What’s the inspiration behind the creative menu offerings — like persimmon habanero salsa or a vegan version of chicharrón made from yuba (tofu skin) — at Tacos Oscar? The former pop-up recently opened its brick-and-mortar location (more than a year after it originally had hoped to open), in a spot on 40th Street partially made from shipping containers, and owners Oscar Michel and Jake Weiss chalk up what they do to boredom.

“We get bored pretty easily,” said Weiss.

“If we’re going to be here all day, we need to keep it interesting,” said Michel. “The food I started with had things like my mom and grandma’s recipes for salsa, but it’s taken on a whole new thing. We’re constantly creating new things and incorporating them, so we’re kind of just making stuff up as we go. Some of it’s pretty weird and original, and other stuff is inspired by things we’ve seen or eaten.”

Both Michel and Weiss have similar backgrounds. They had both worked in kitchens and are musicians that play in bands. They met years ago cooking at an East Bay pizza restaurant that now, they’d rather not name.

Jake Weiss, left, and Oscar Michel of Tacos Oscar. Photo: Alix Wall

In 2014, Michel was working an office job at Berkeley’s Urban Ore, and wanted to get back in the kitchen. He started making tacos for events. Since he worked a four-day week, he was able to cook on weekends, prepping on Fridays to do a Saturday or Sunday event.

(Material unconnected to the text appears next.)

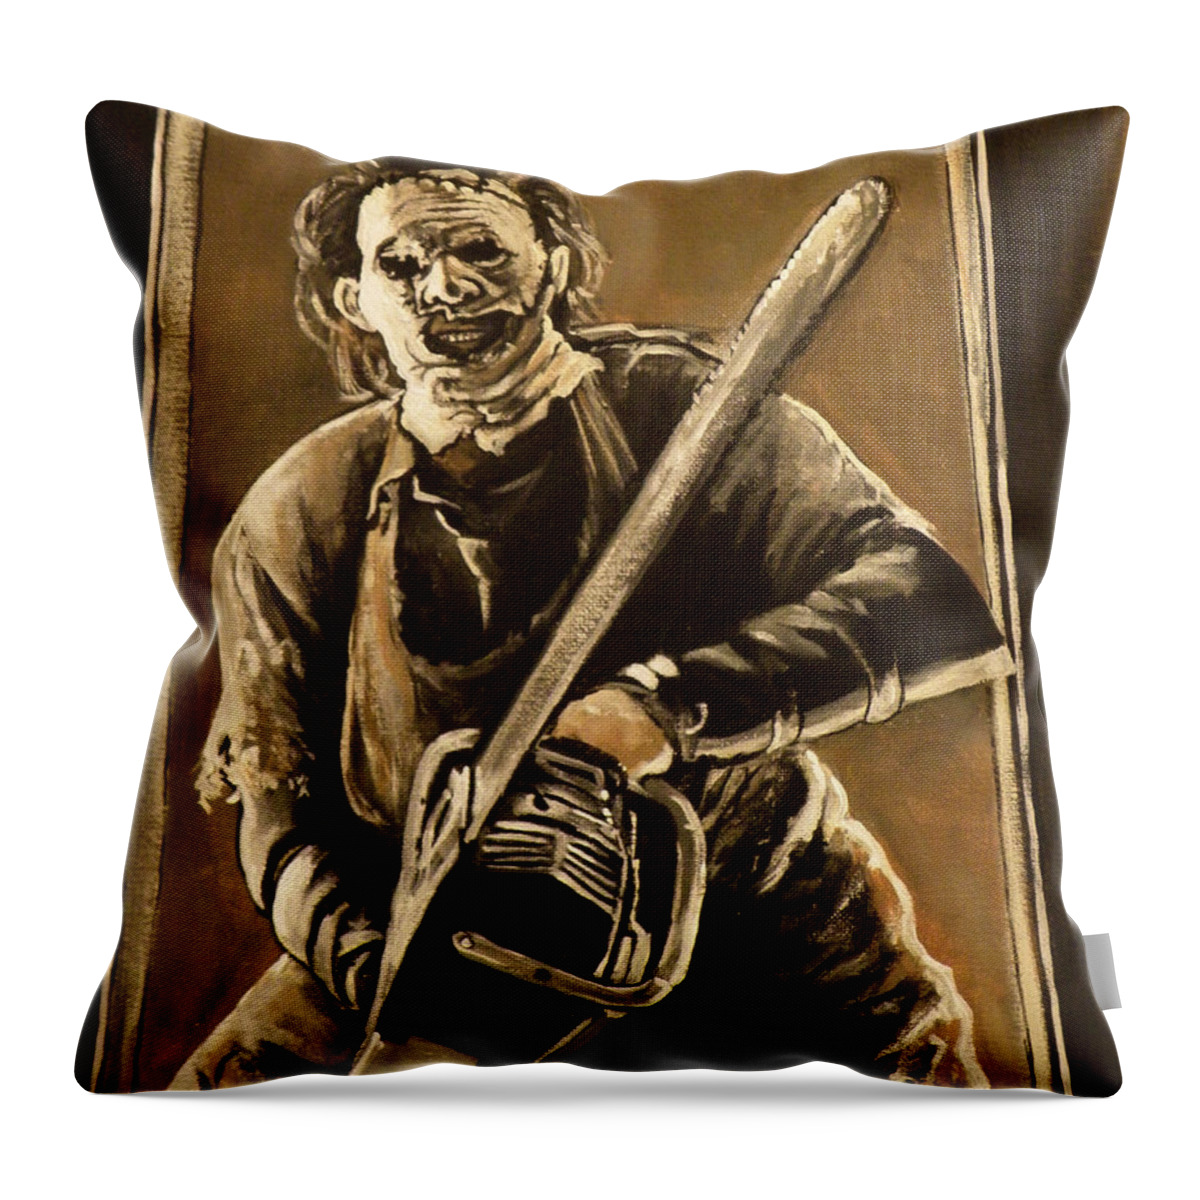 Texas Chainsaw Massacre Throw Pillow featuring the painting Leatherface by Tom Carlton

Michel is of Mexican descent, from Southern California; while he spent time in the kitchen with his mother, he didn’t plan on a career in food. He made his way north to attend Cal, and worked for a time as a barback at Doña Tomas, which evolved slowly into being a line cook there.

That’s where he got hooked on freshly-made tortillas, the kind that balloon as they’re griddled a la plancha. “Not everyone does that,” he observed.

Tacos Oscar uses masa from La Finca. For those not used to eating freshly made tortillas, the taste and texture of them is immediately discernable in the best possible way. Unfortunately, one taste is enough so that you never want to go back to eating tortillas any other way.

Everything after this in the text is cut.